Everything in the listing below should be repeated verbatim, apart from the pictures.

◆ RECORDED INFORMATION ◆
==============================

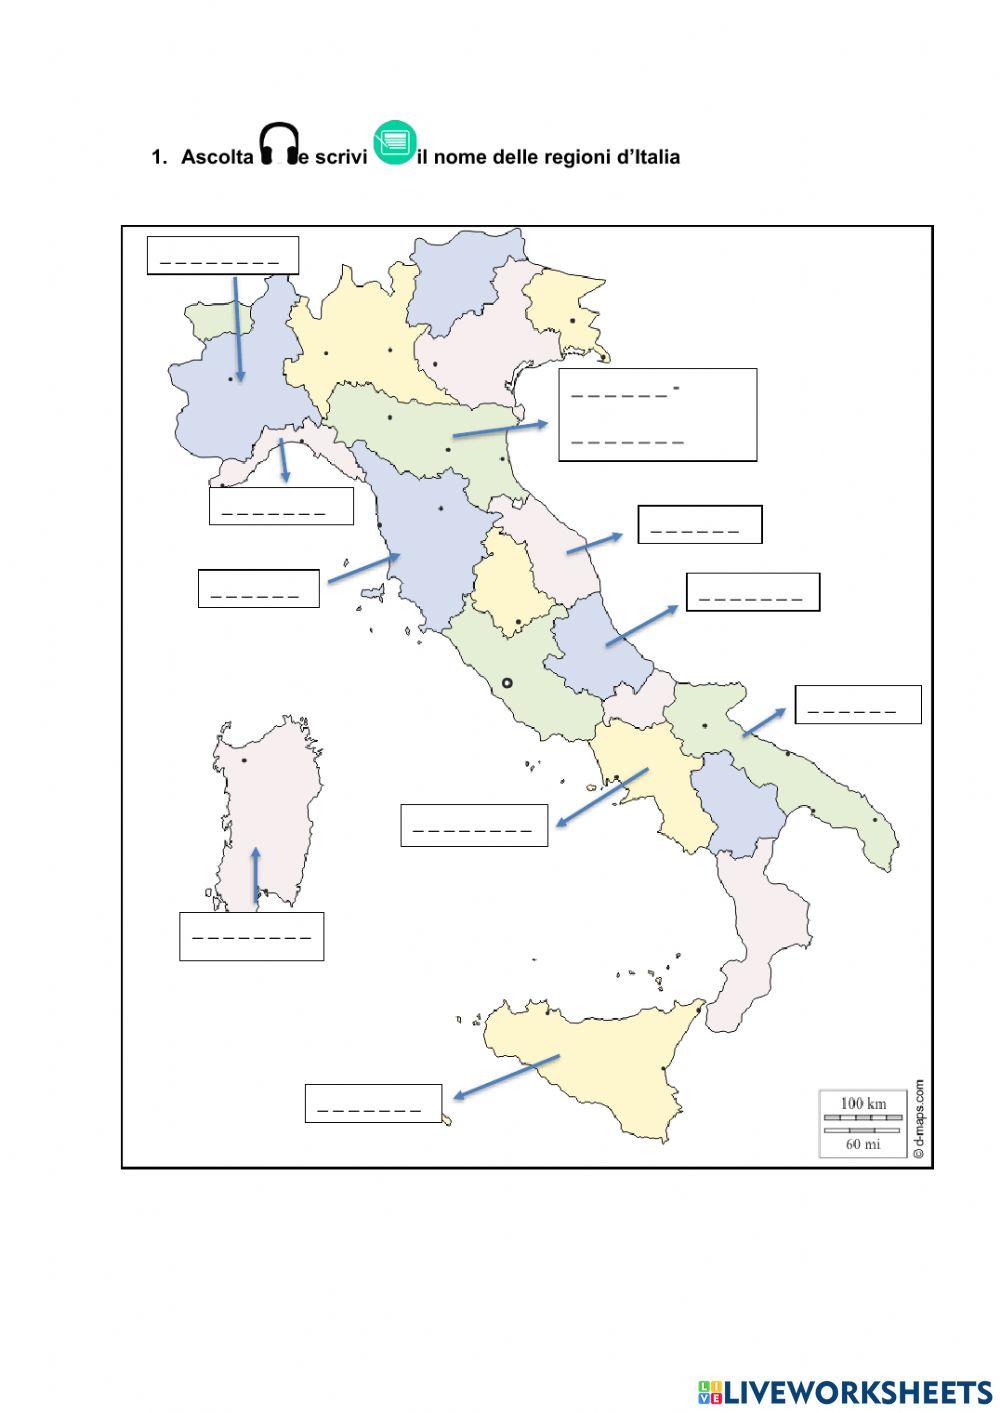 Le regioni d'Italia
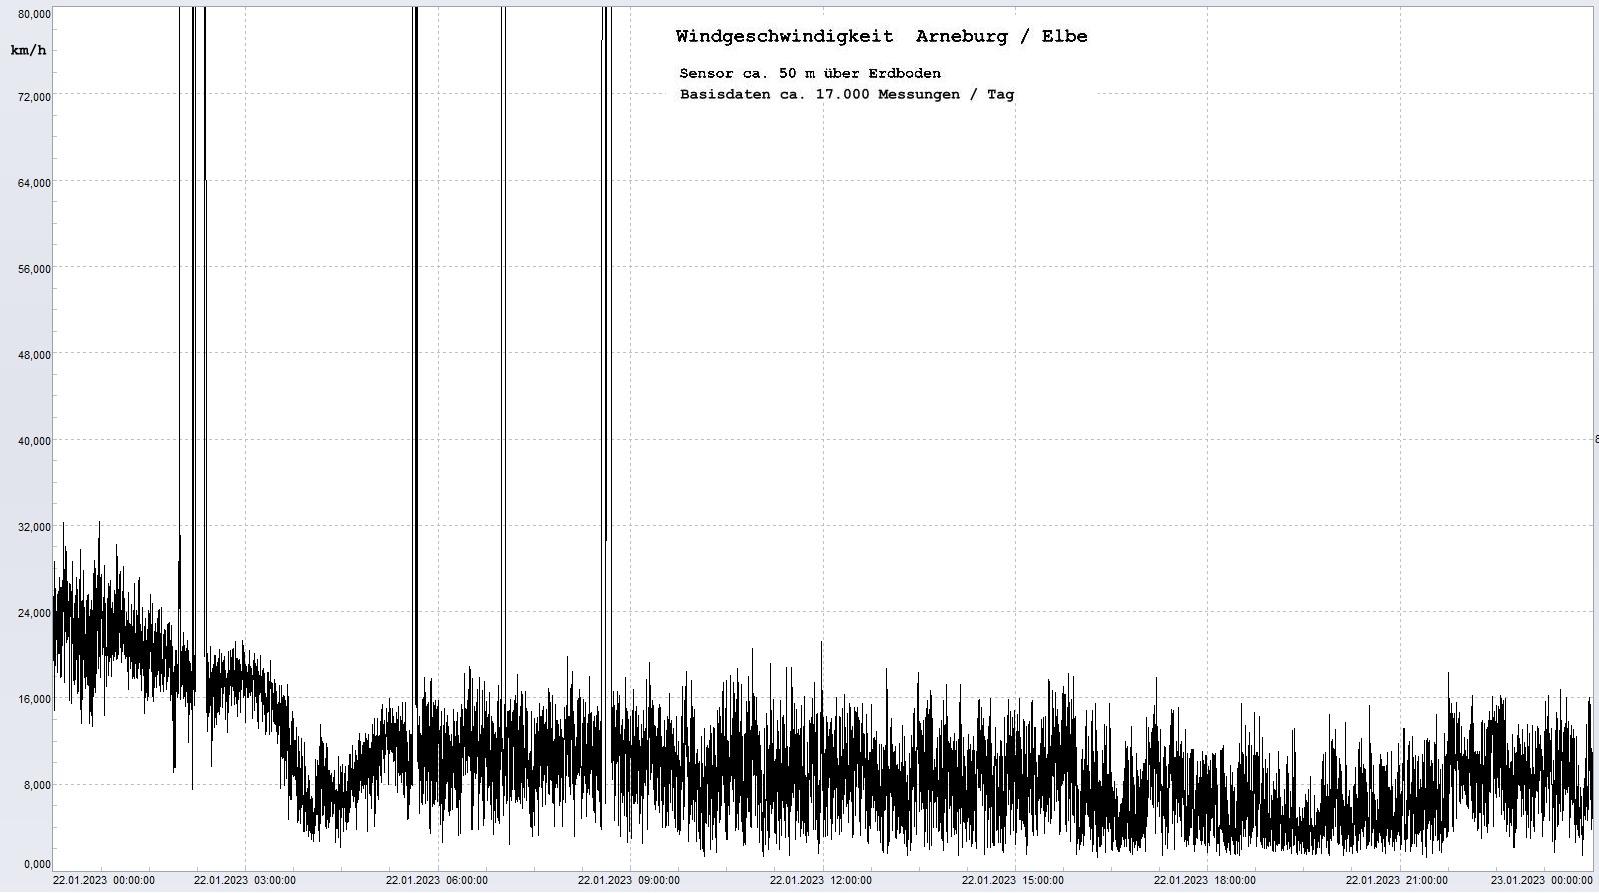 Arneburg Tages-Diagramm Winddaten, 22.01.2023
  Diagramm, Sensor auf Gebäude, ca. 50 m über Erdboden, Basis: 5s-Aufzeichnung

==============================

◆ RESULT OF THE EXERCISE ◆
 Le regioni d'Italia
 Arneburg Tages-Diagramm Winddaten, 22.01.2023
  Diagramm, Sensor auf Gebäude, ca. 50 m über Erdboden, Basis: 5s-Aufzeichnung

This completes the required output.